Investing in Penny Stocks


 

Most people realize that investing in the stock market can make them money, but what a lot of people don’t know is that penny stocks can be a great way to get into the markets without having a lot of cash to start with.

So if you’re asking yourself, “How can I make money?” then one way you might consider is investing in “stocks for a penny”.

 

What Are Penny Stocks?



First it’s important to start with an understanding of what these types of stocks are. As a general rule, the Securities and Exchange Commission considers these high risk stocks to be those that trade for less than $5 per share. However, SEC regulators say stocks must also meet certain other criteria to qualify for the category.

If the stock is traded on a national stock exchange, then it won’t be categorized as a penny type stock, no matter what its trade price is. For example, Citigroup was trading at less than $1 per share on the New York Stock Exchange during the recession of 2008 and 2009, but it was not considered a penny stock. However the NASDAQ is not a national stock exchange, so low-priced stocks that trade there are considered to be penny type stocks.

Moreover, most of these stocks are quoted “over-the-counter,” or on pink sheets or the OTC bulletin board. Third, they are often private company securities that don’t have an active trading market.


The Risks of “Stocks for a Penny”



Potential investors should note that these stocks carry a great amount of risk as an investment. In fact, the risk is so great that regulators with the SEC require you to sign an agreement before the transaction will occur. That agreement will list the risks of investing in these highly speculative stocks and tell you what the market quote is.

One of the main risks involved in such stocks is not getting your money back. These stocks are typically very hard to sell because they are not traded very often.
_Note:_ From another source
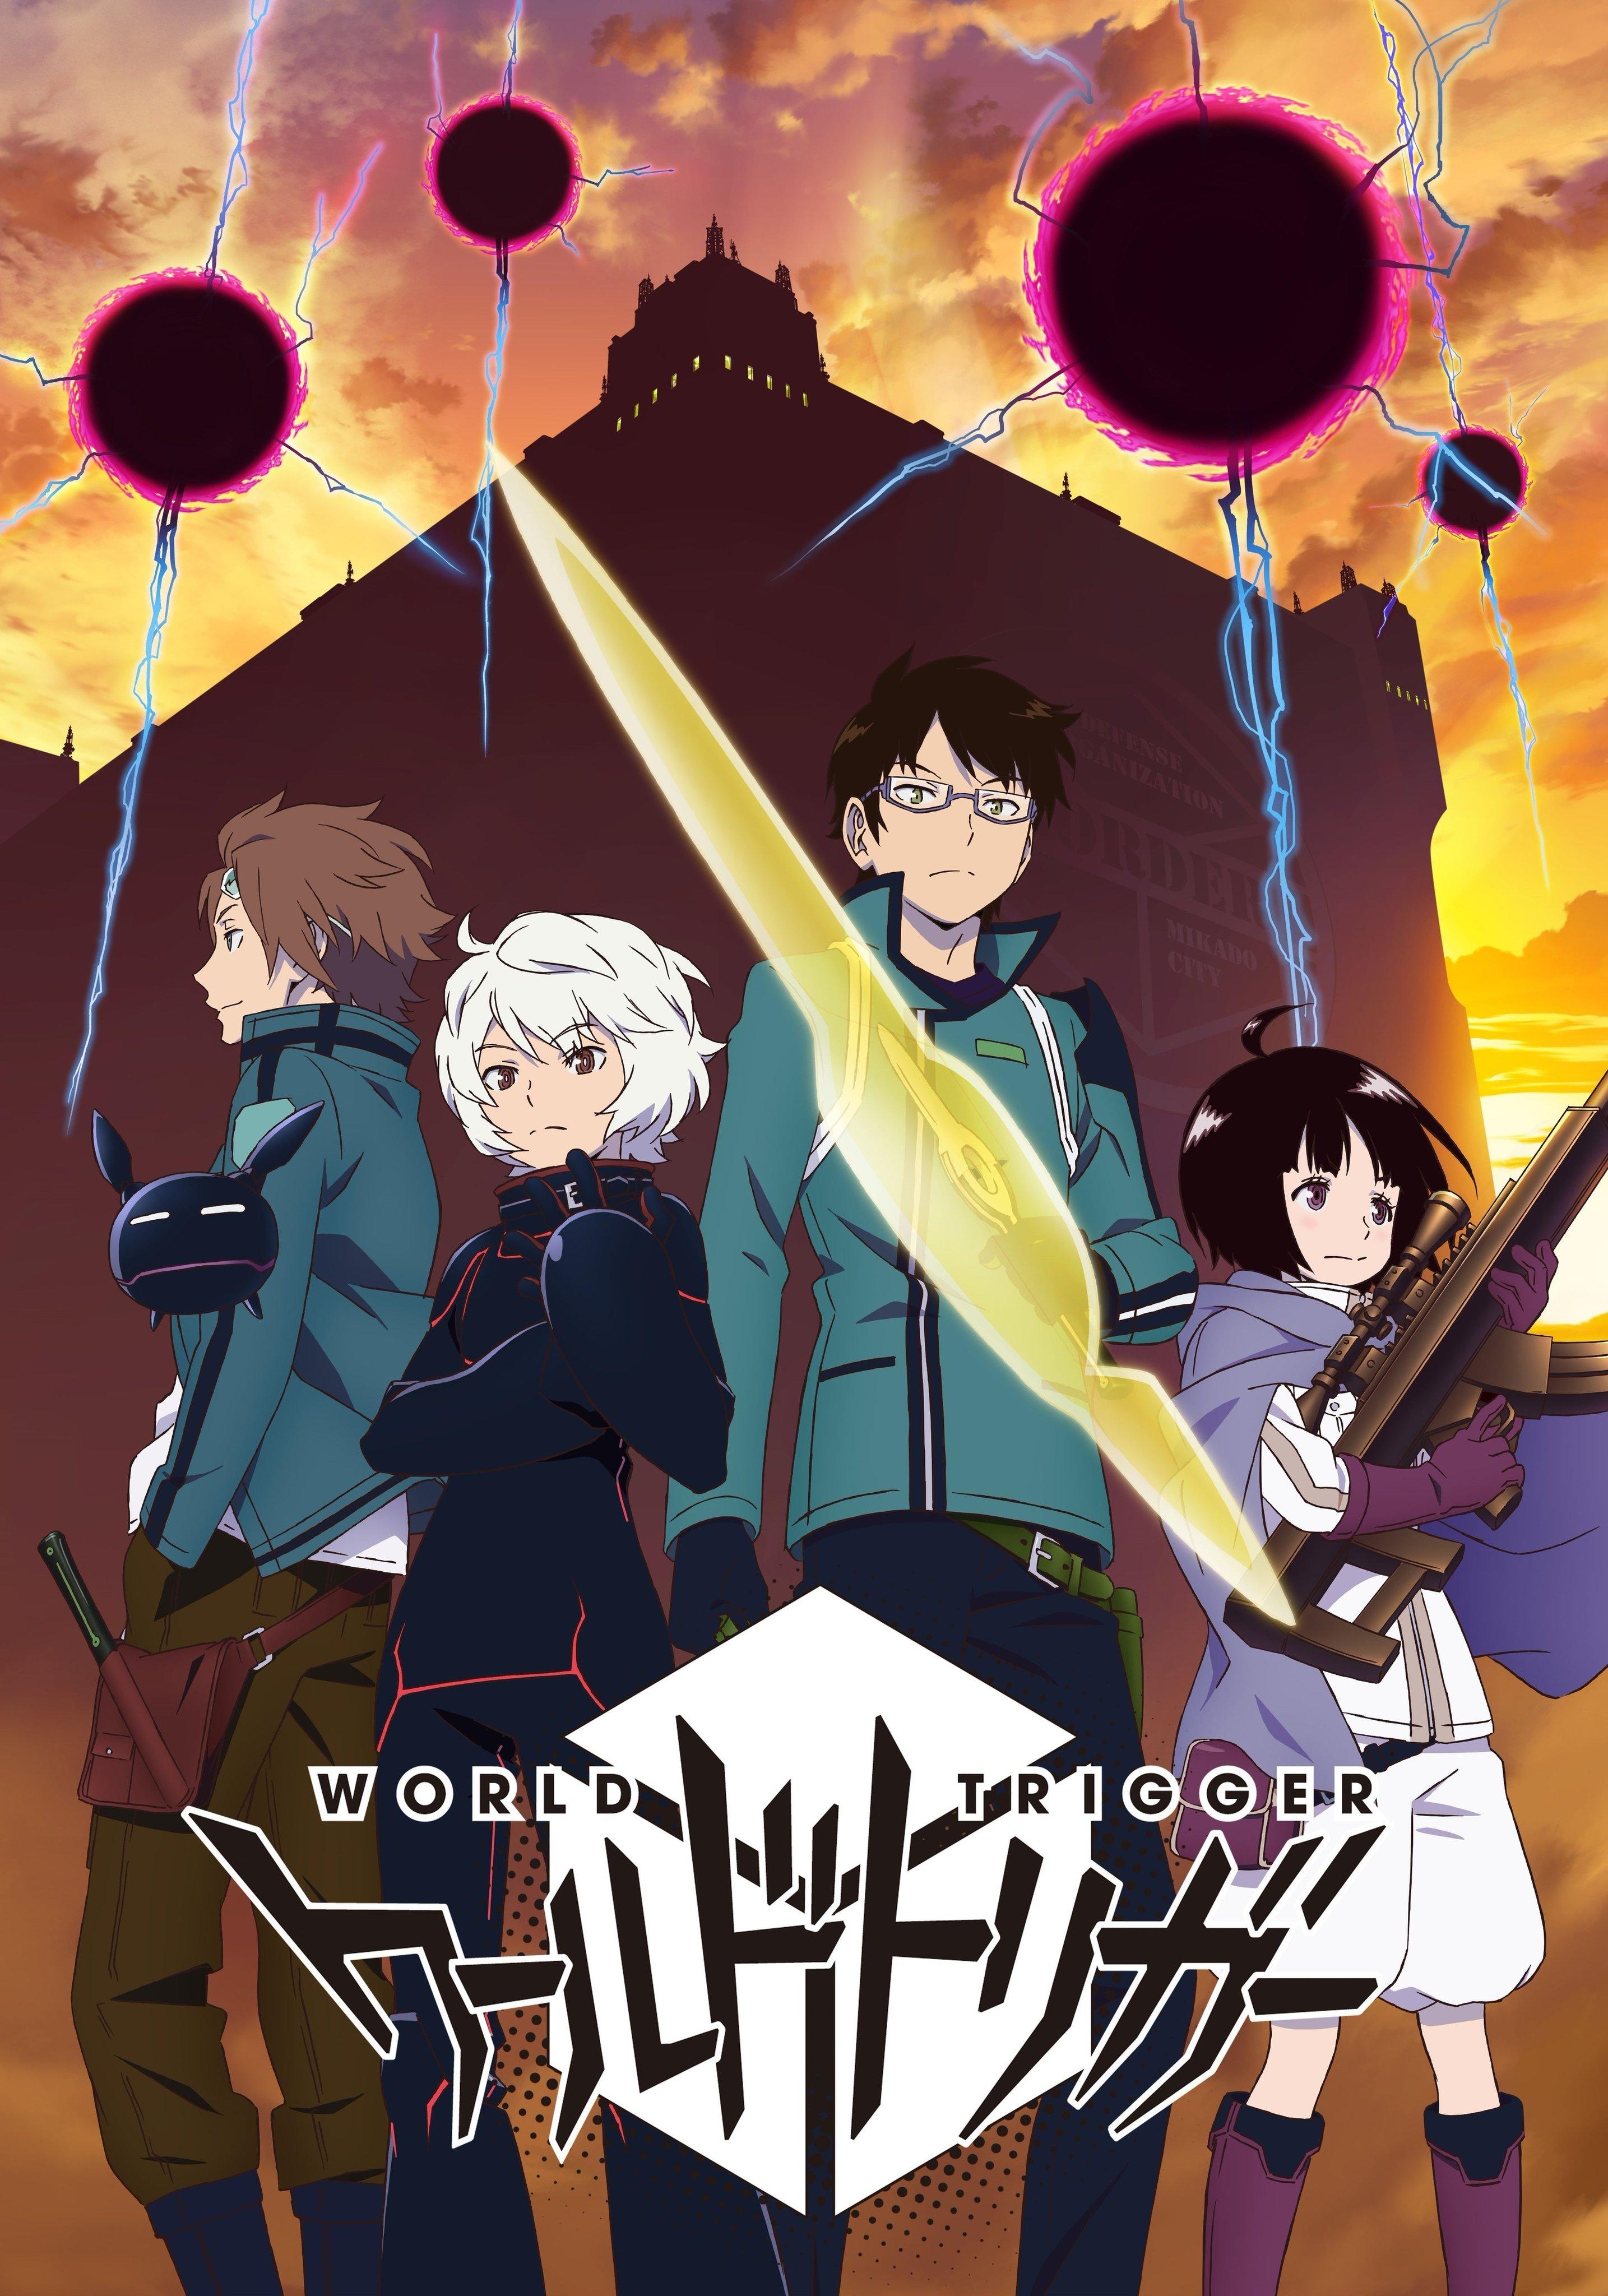 经典名作《境界触发者》第3季新预告 10月9日正式开播

Also it can be hard to find price quotes for many of them.

Another major risk involved is the possibility of artificial price manipulation, also known as “pump and dump.” An investor may spread around false information about a company to inflate its stock price and then sell all his shares at the higher price before it is found out that the information was false.

This is why it is critical that you do your research on each and every stock before you invest your money.  You have to do your due diligence just like you would with any other type of investment, or if you were starting a business.  Also try to invest in three or more of these stocks so that you aren’t putting all of your money into just a single stock. Diversifying gives you a greater chance for success.  Continue Reading...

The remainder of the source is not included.